## Exercise brief
What should be copied is the stretch of entries below from the line with "pişmiş eşya, kabuk" up to and including the line with "Der wirkliche Grund", exactly and without images.
[Data for the task Boundary: Start]
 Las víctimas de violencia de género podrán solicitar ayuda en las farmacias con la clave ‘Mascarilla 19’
[Data for the task Boundary: End]
[Data for the task Boundary: Start]
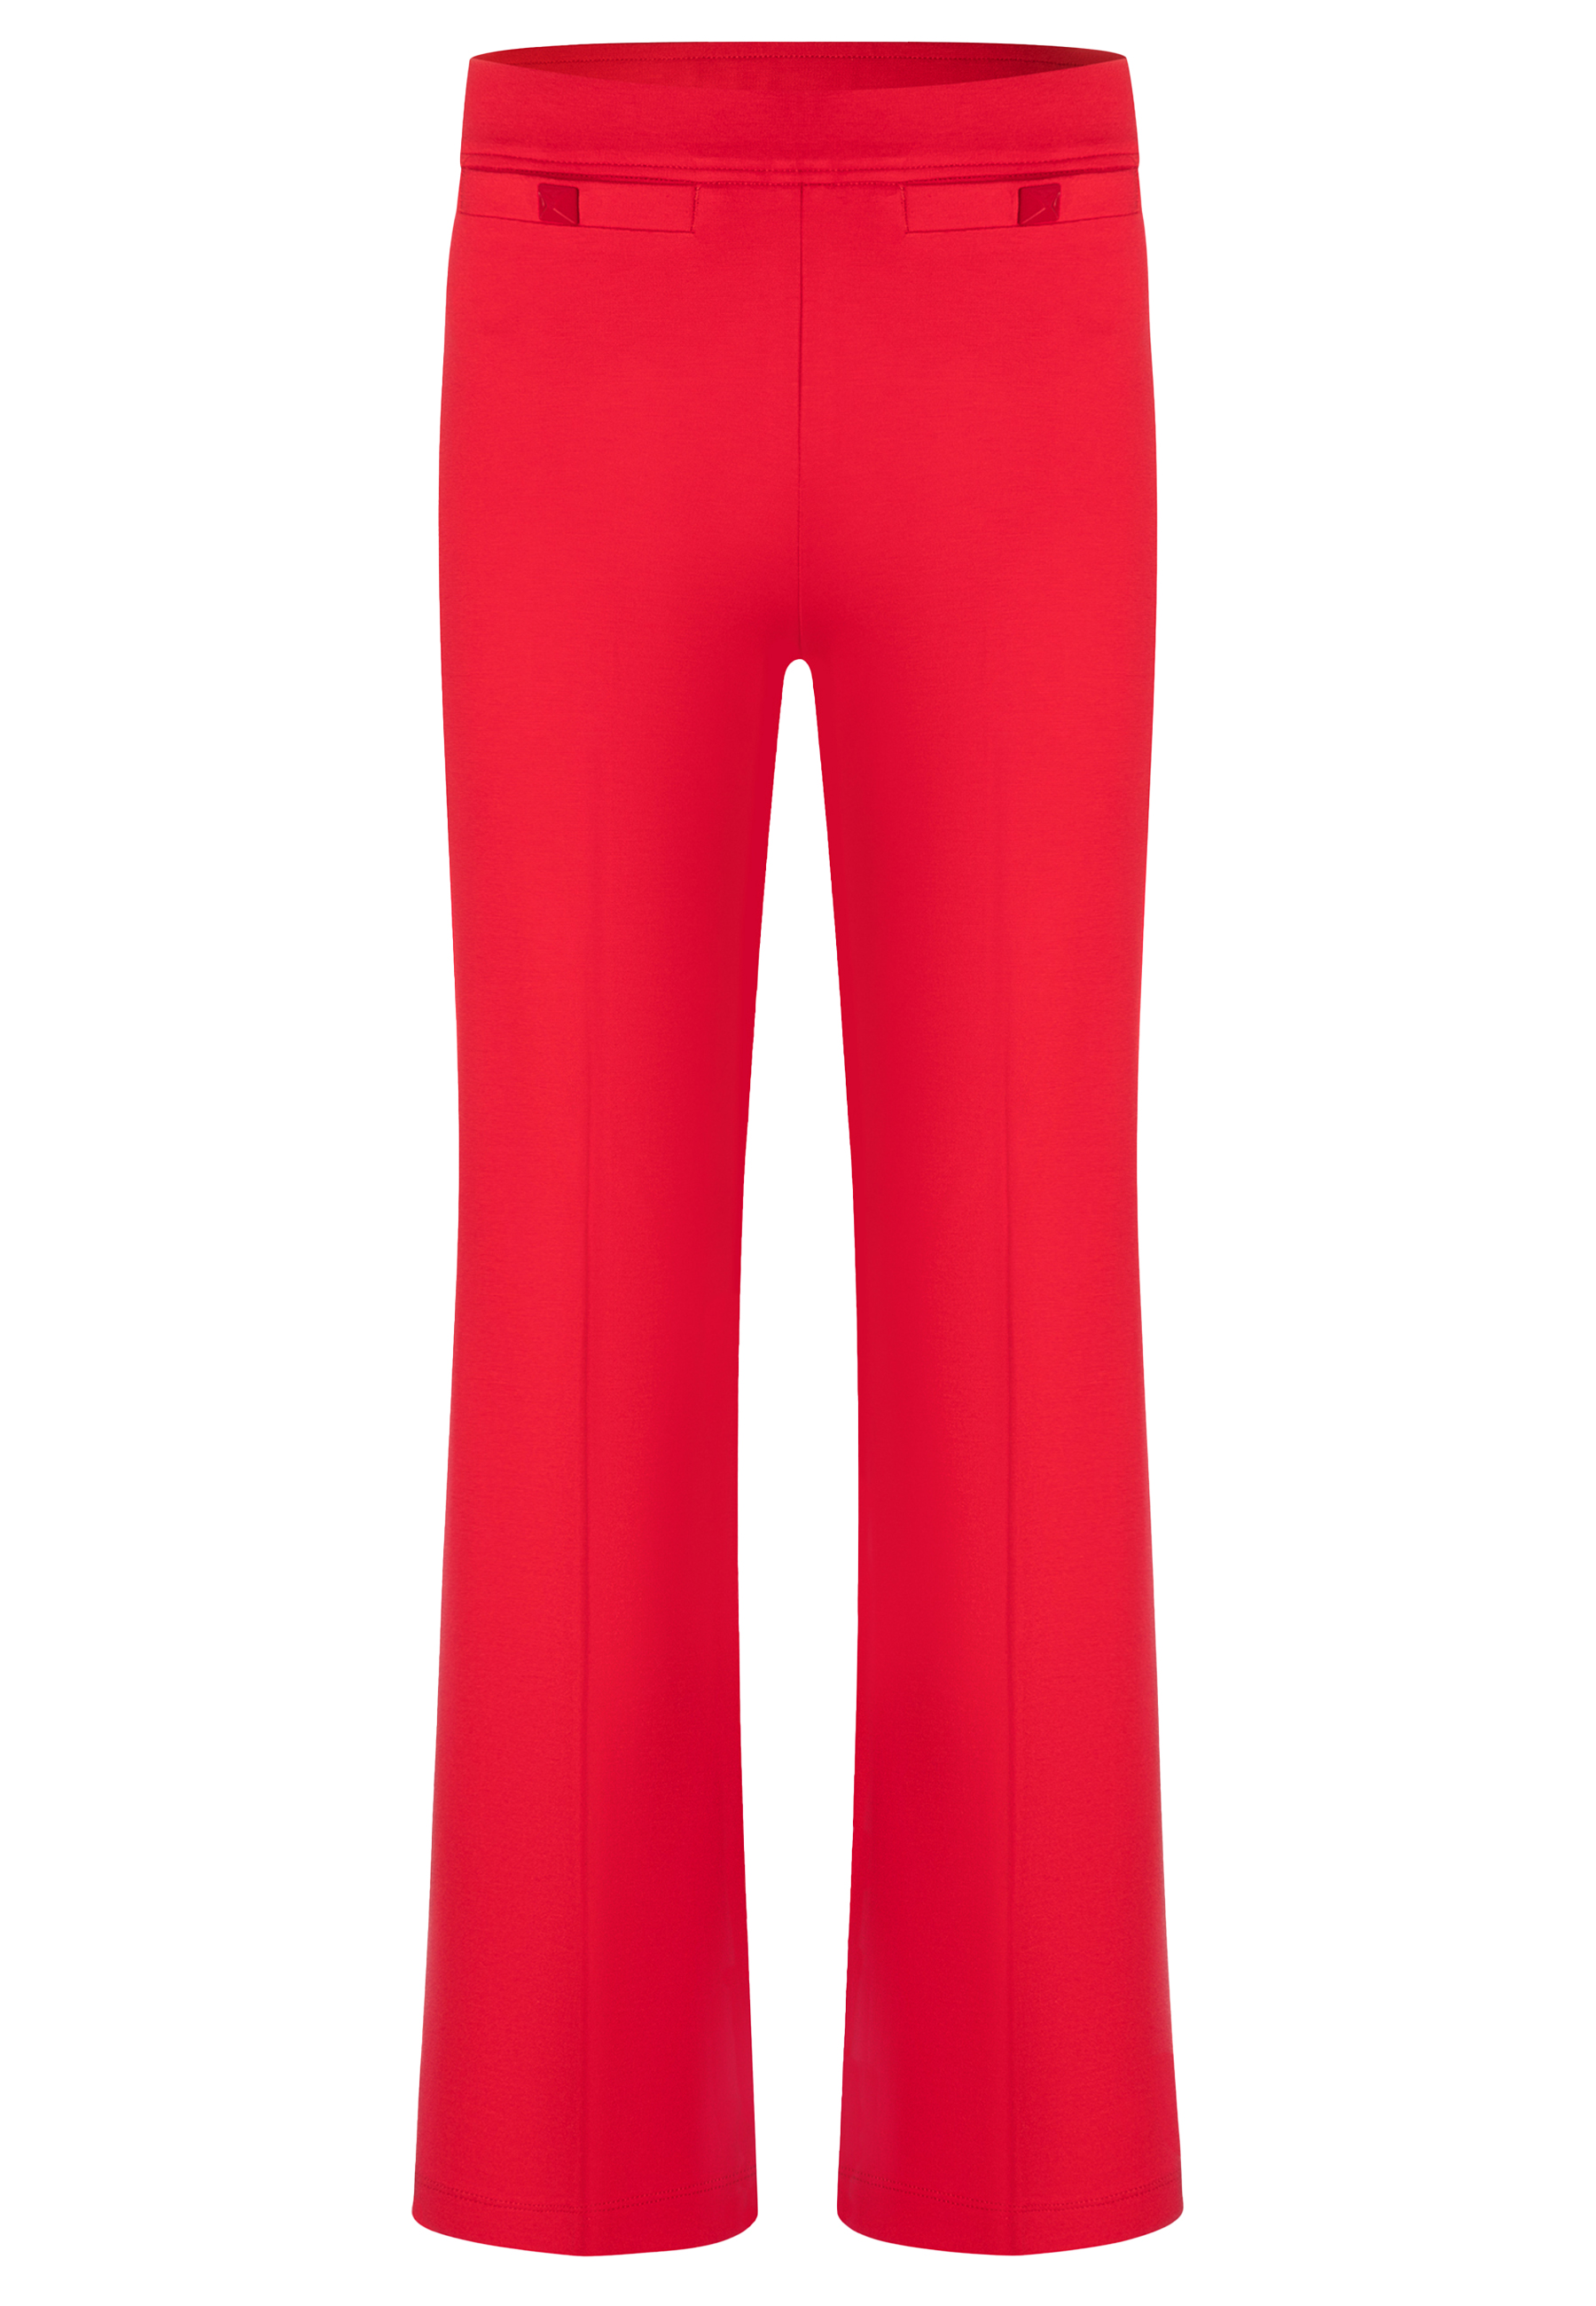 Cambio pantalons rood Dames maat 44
[Data for the task Boundary: End]
[Data for the task Boundary: Start]
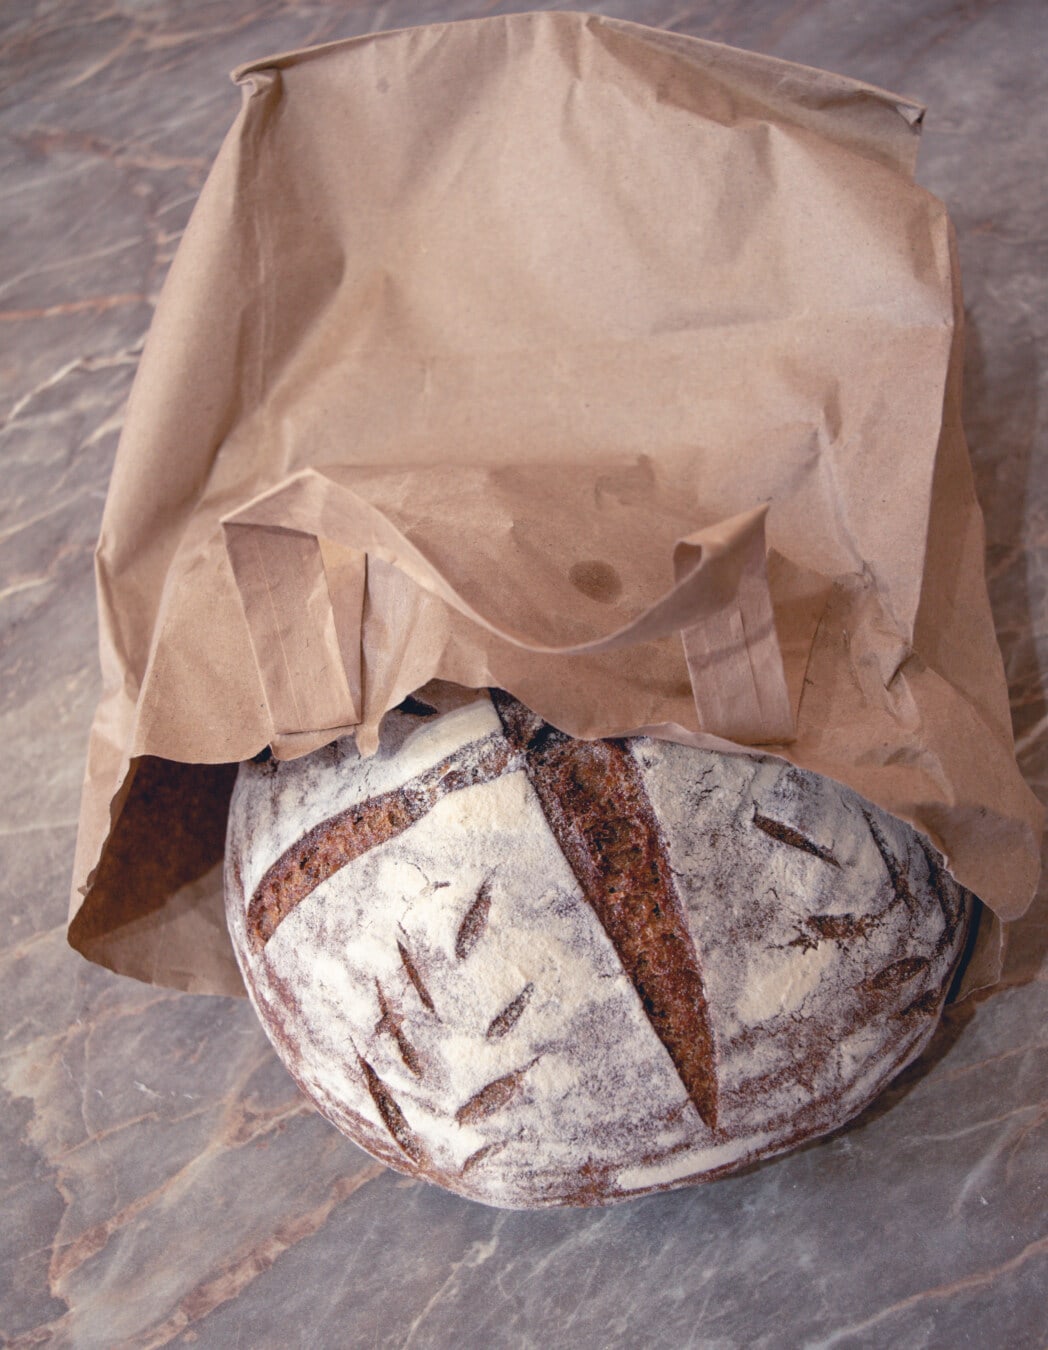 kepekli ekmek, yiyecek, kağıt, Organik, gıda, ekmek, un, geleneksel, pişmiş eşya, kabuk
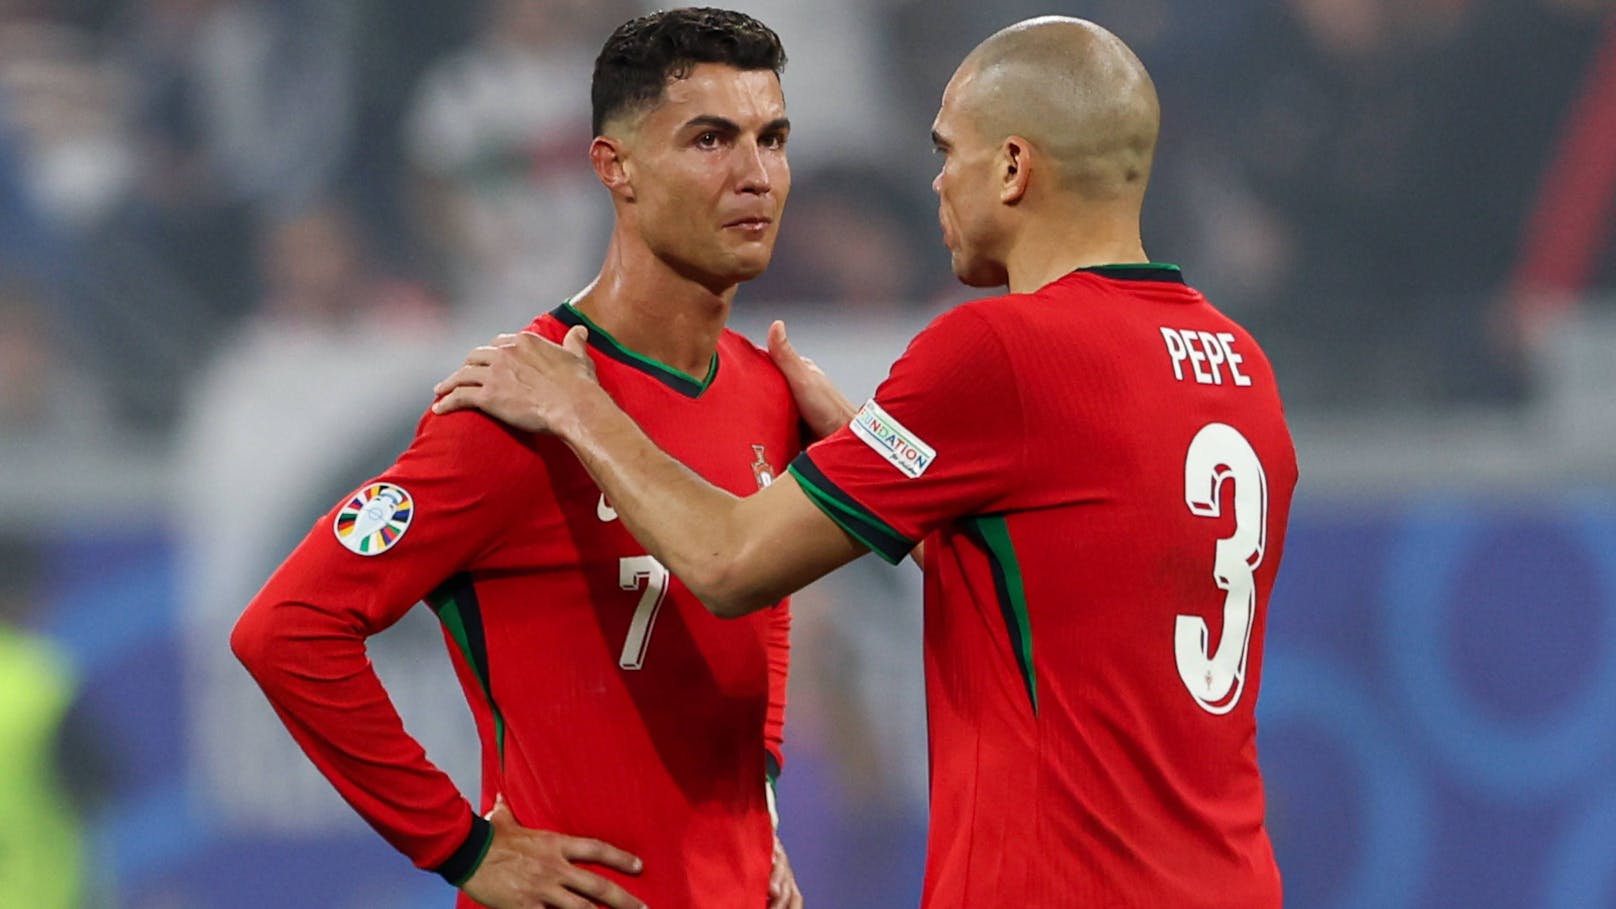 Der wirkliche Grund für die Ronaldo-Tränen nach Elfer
[Data for the task Boundary: End]
## Solution to this task
 kepekli ekmek, yiyecek, kağıt, Organik, gıda, ekmek, un, geleneksel, pişmiş eşya, kabuk
 Der wirkliche Grund für die Ronaldo-Tränen nach Elfer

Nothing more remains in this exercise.